Transcribe the entries exactly as given and skip whatever images they hold.
----
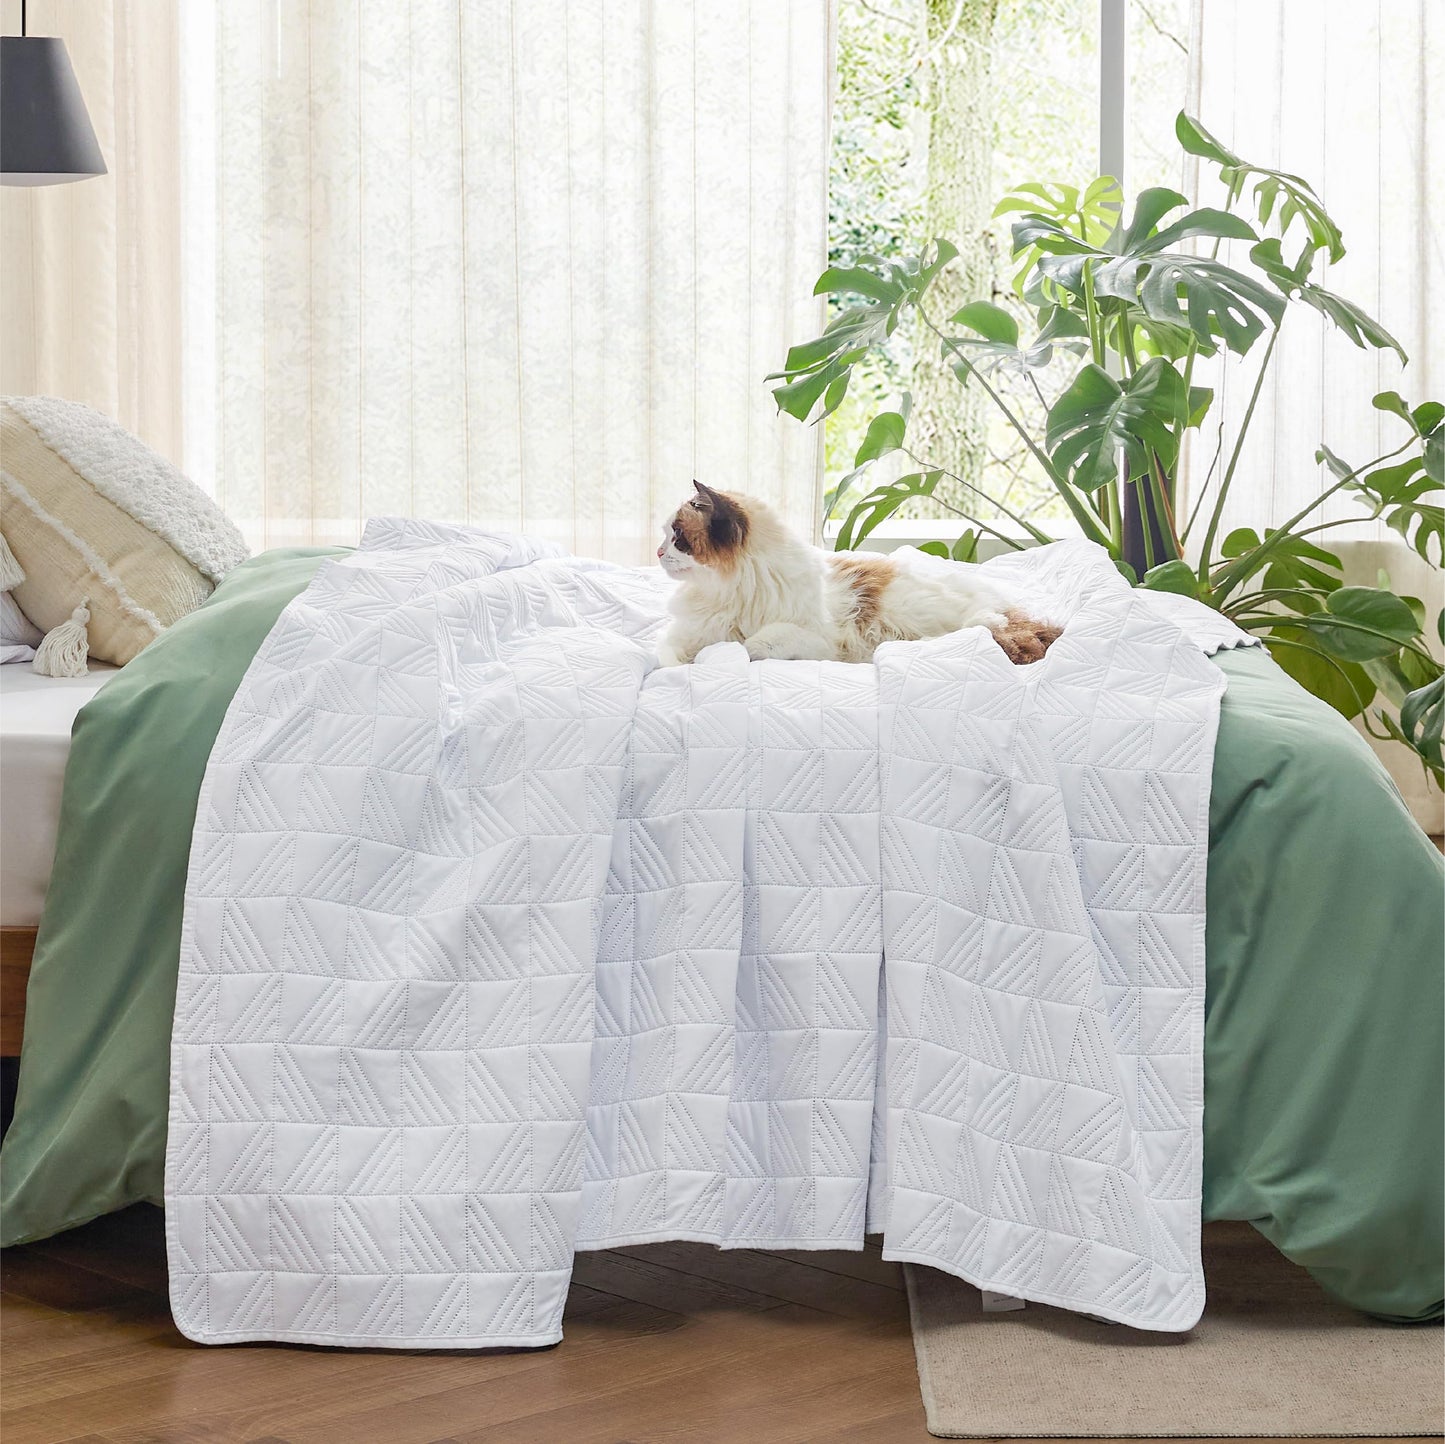 Bedsure Queen Quilt Bedding Set - Soft Ultrasonic Full/Queen Quilt Set - Geometric Bedspread Queen Size - Lightweight Bedding Coverlet for All Seasons (Includes 1 Red Orange Quilt, 2 Pillow Shams)
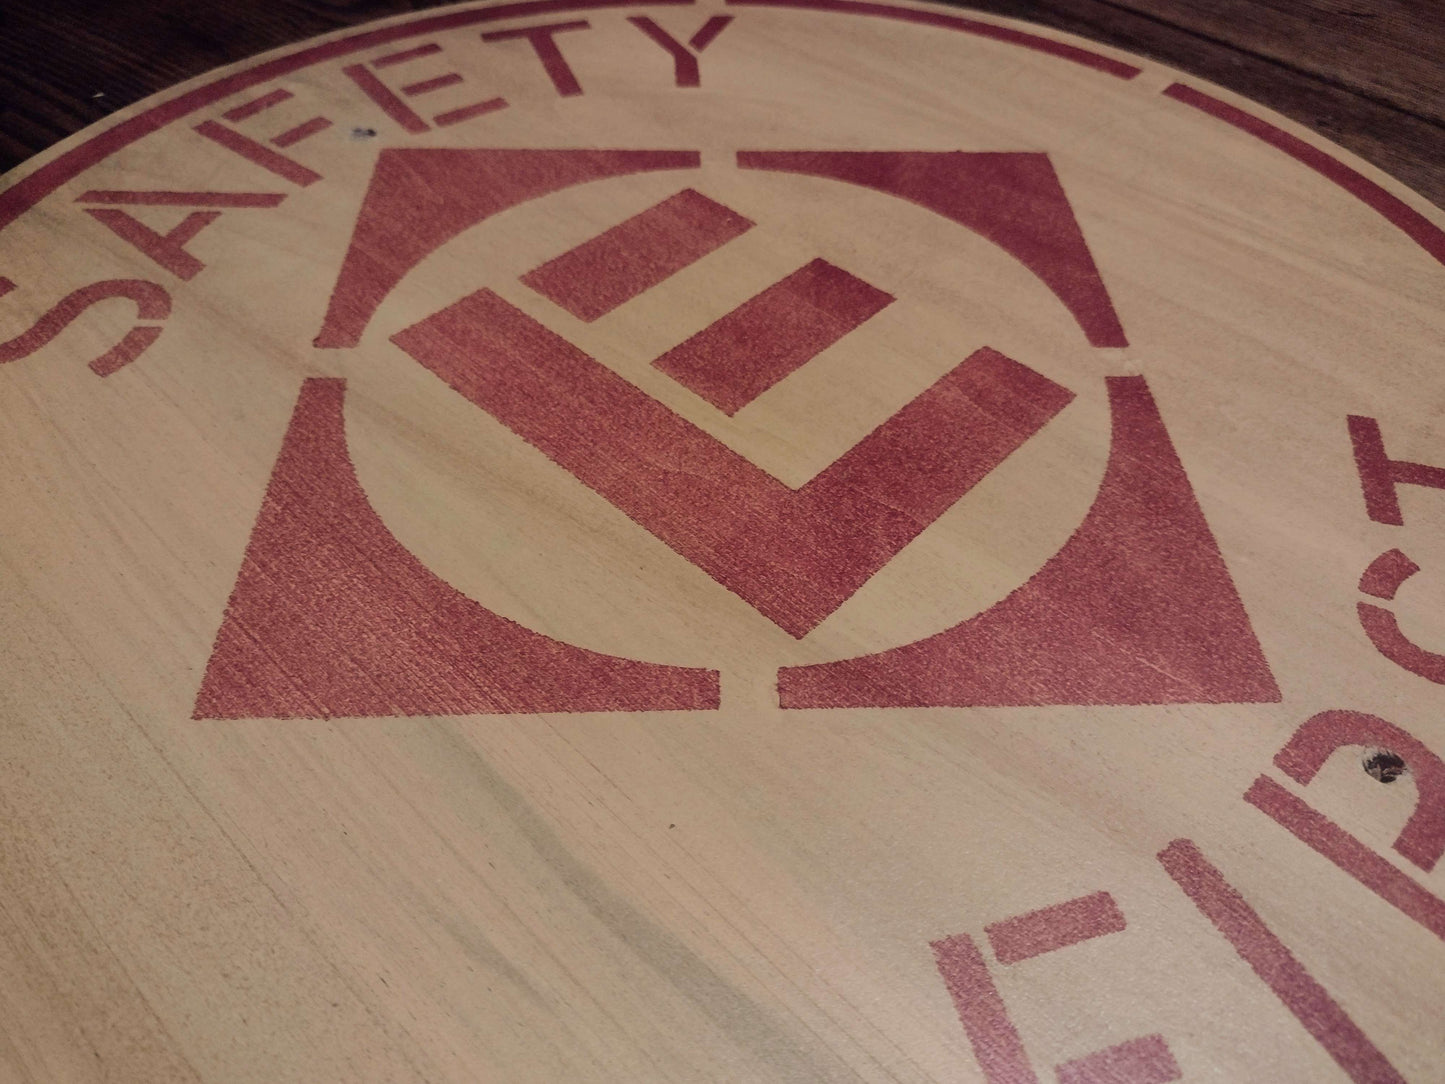 Erie Lackawanna "Safety First" Hardwood Sign
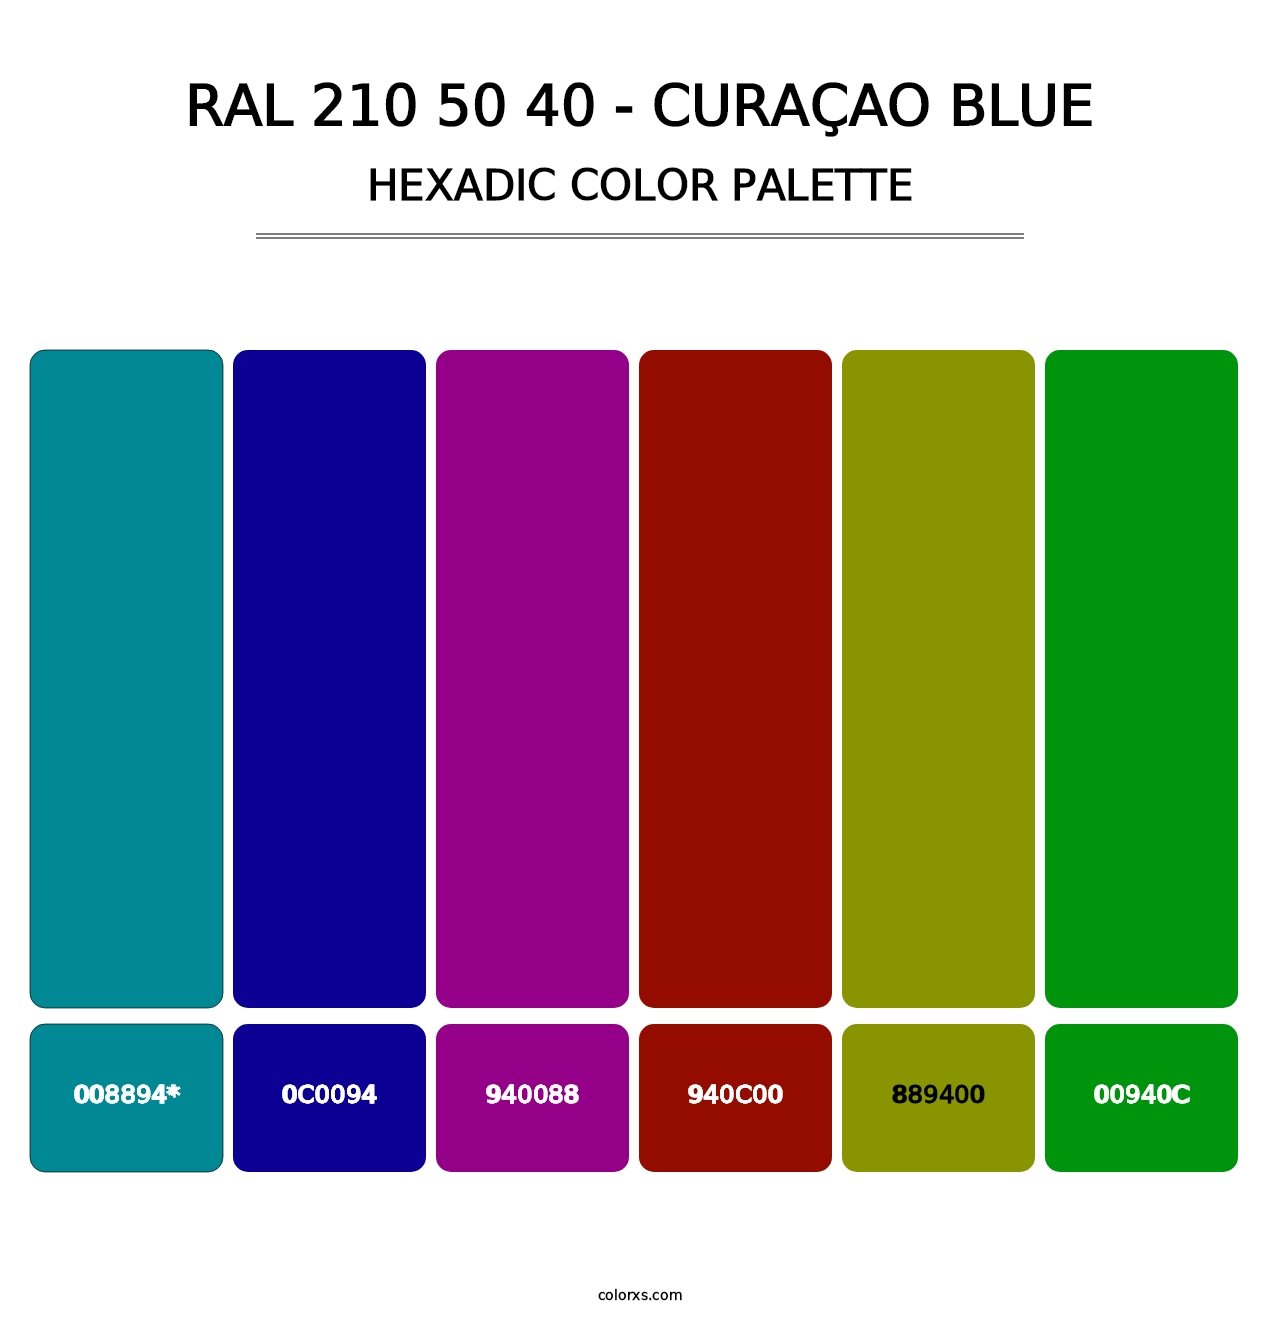 RAL 210 50 40 - Curaçao Blue - Hexadic Color Palette
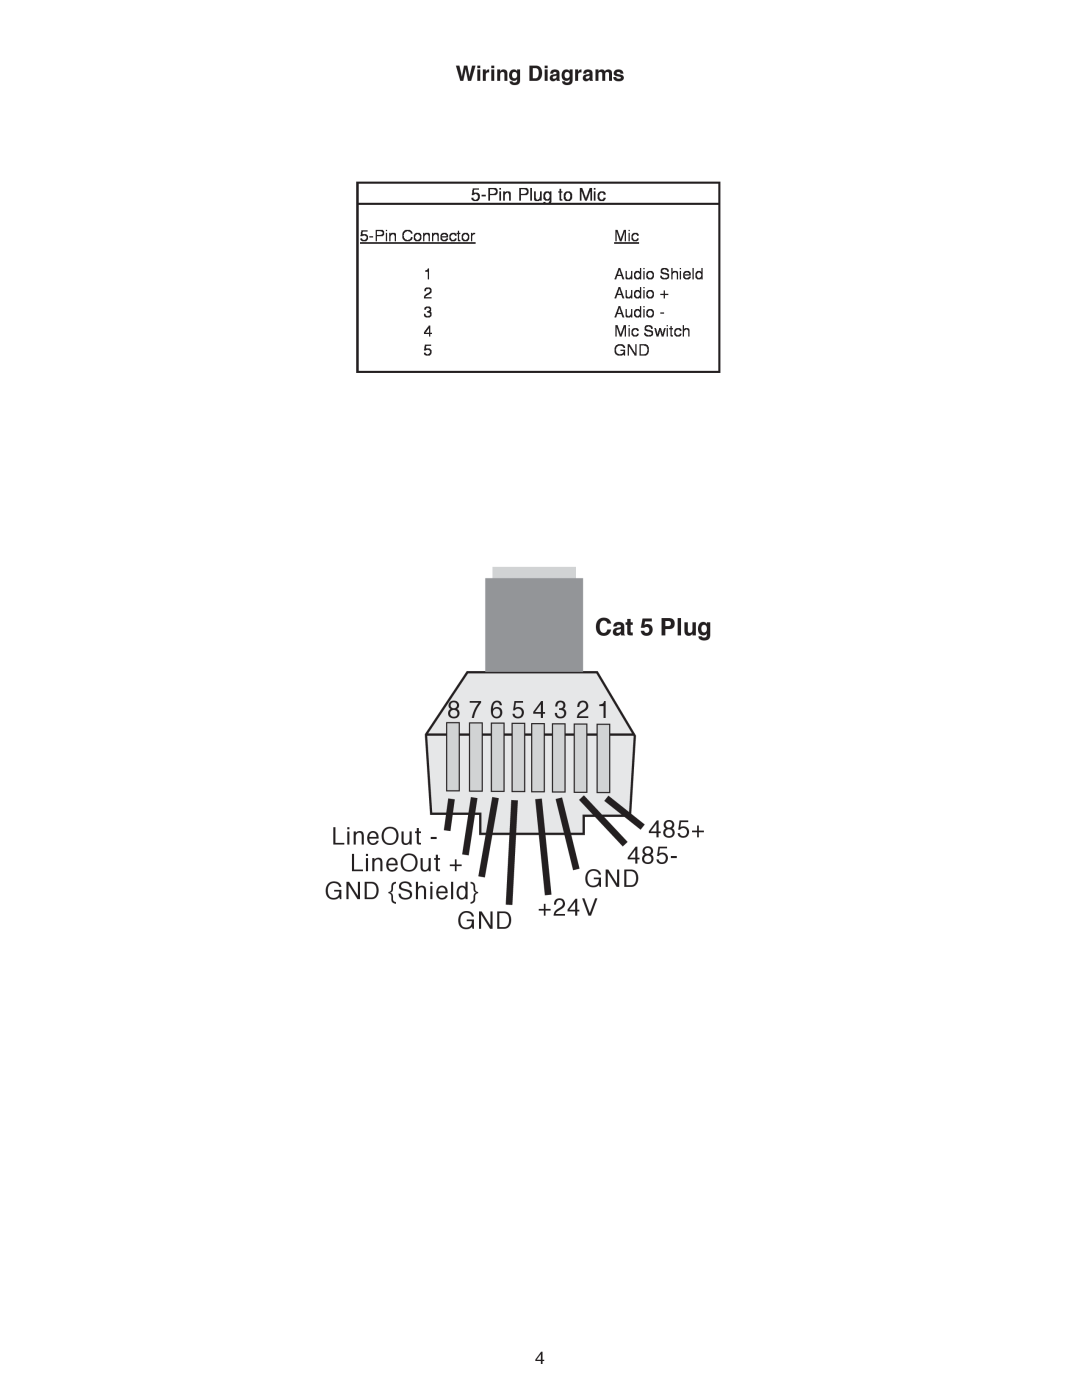 Peavey PageMatrix Wiring Diagrams, Cat 5 Plug, 8 7 6 5 4 3 2, 485+, LineOut +, GND Shield, +24V, Pin Plug to Mic 
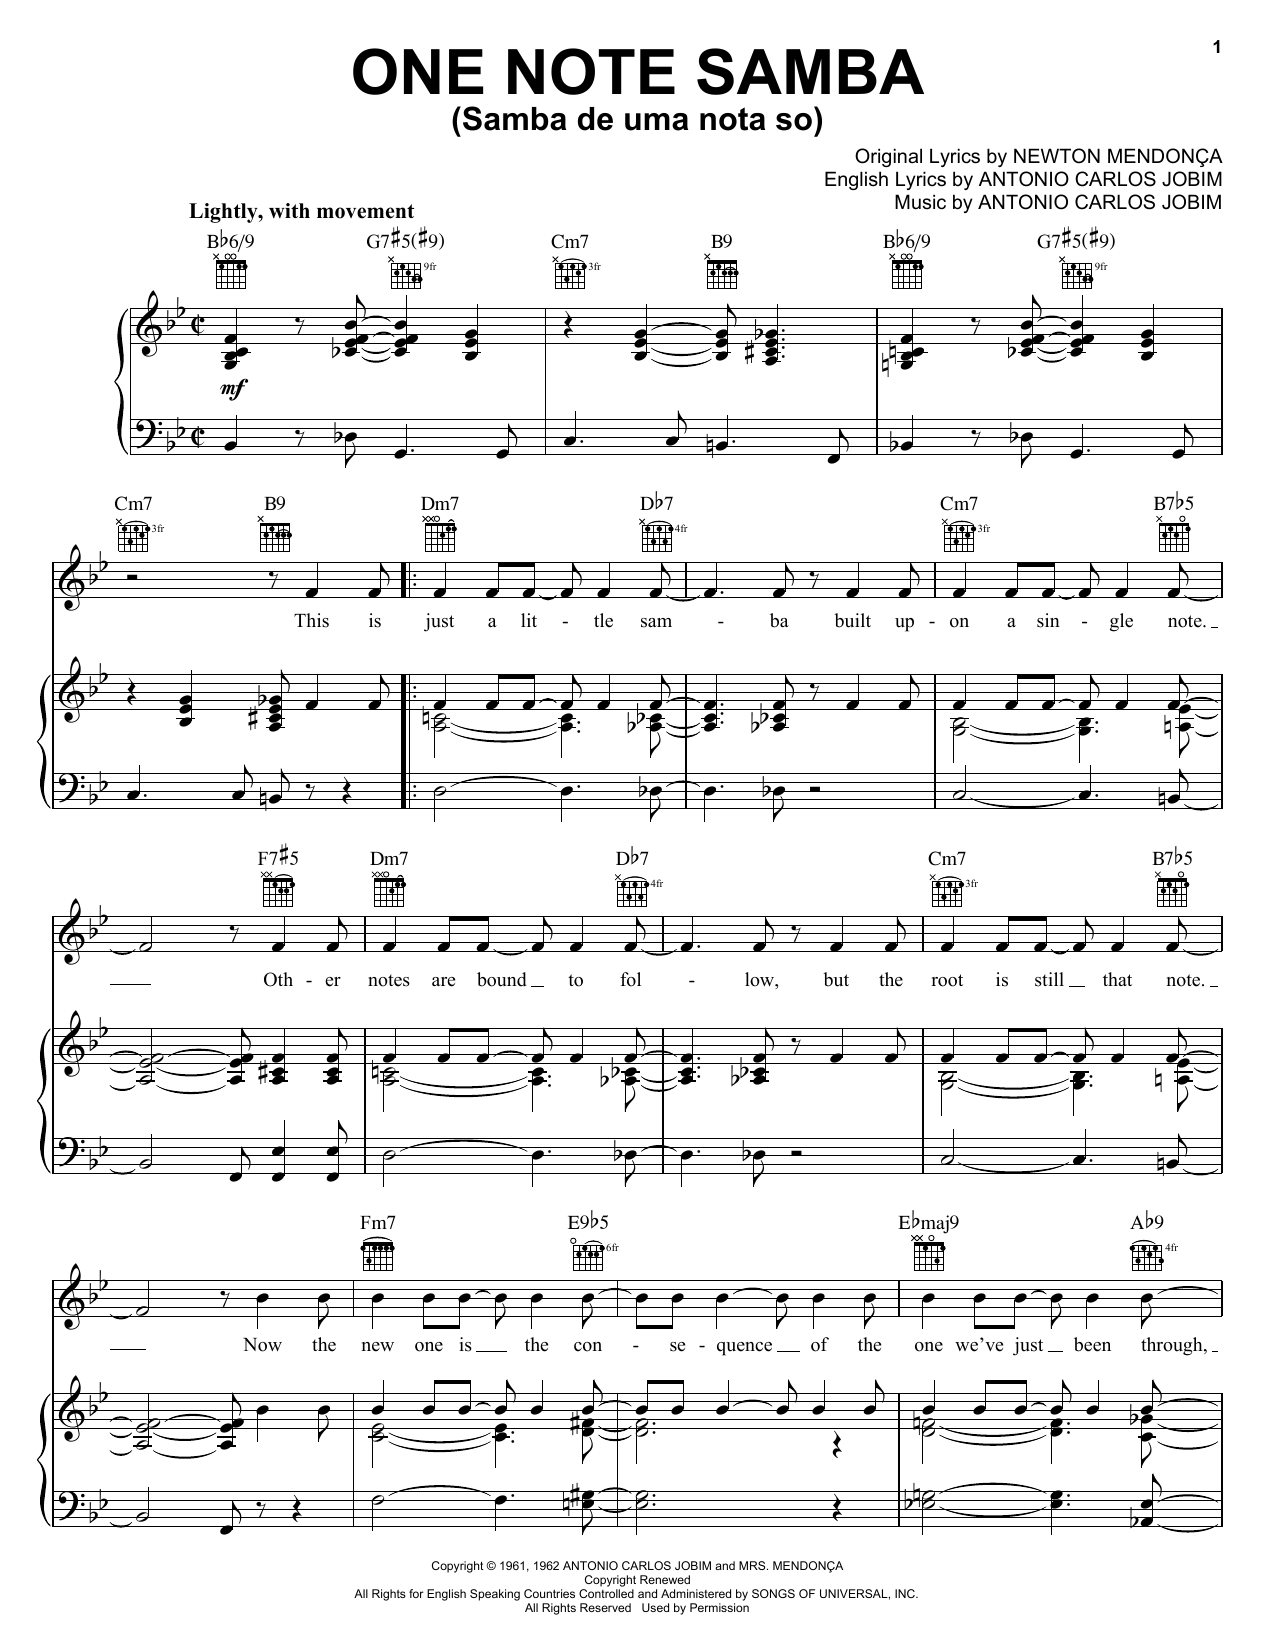 Antonio Carlos Jobim One Note Samba (Samba De Uma Nota So) Sheet Music Notes & Chords for Trombone - Download or Print PDF
----
### Task solution
 Bedsure Queen Quilt Bedding Set - Soft Ultrasonic Full/Queen Quilt Set - Geometric Bedspread Queen Size - Lightweight Bedding Coverlet for All Seasons (Includes 1 Red Orange Quilt, 2 Pillow Shams)
 Erie Lackawanna "Safety First" Hardwood Sign
 RAL 210 50 40 - Curaçao Blue - Hexadic Color Palette
 Peavey PageMatrix Wiring Diagrams, Cat 5 Plug, 8 7 6 5 4 3 2, 485+, LineOut +, GND Shield, +24V, Pin Plug to Mic 
 Antonio Carlos Jobim One Note Samba (Samba De Uma Nota So) Sheet Music Notes & Chords for Trombone - Download or Print PDF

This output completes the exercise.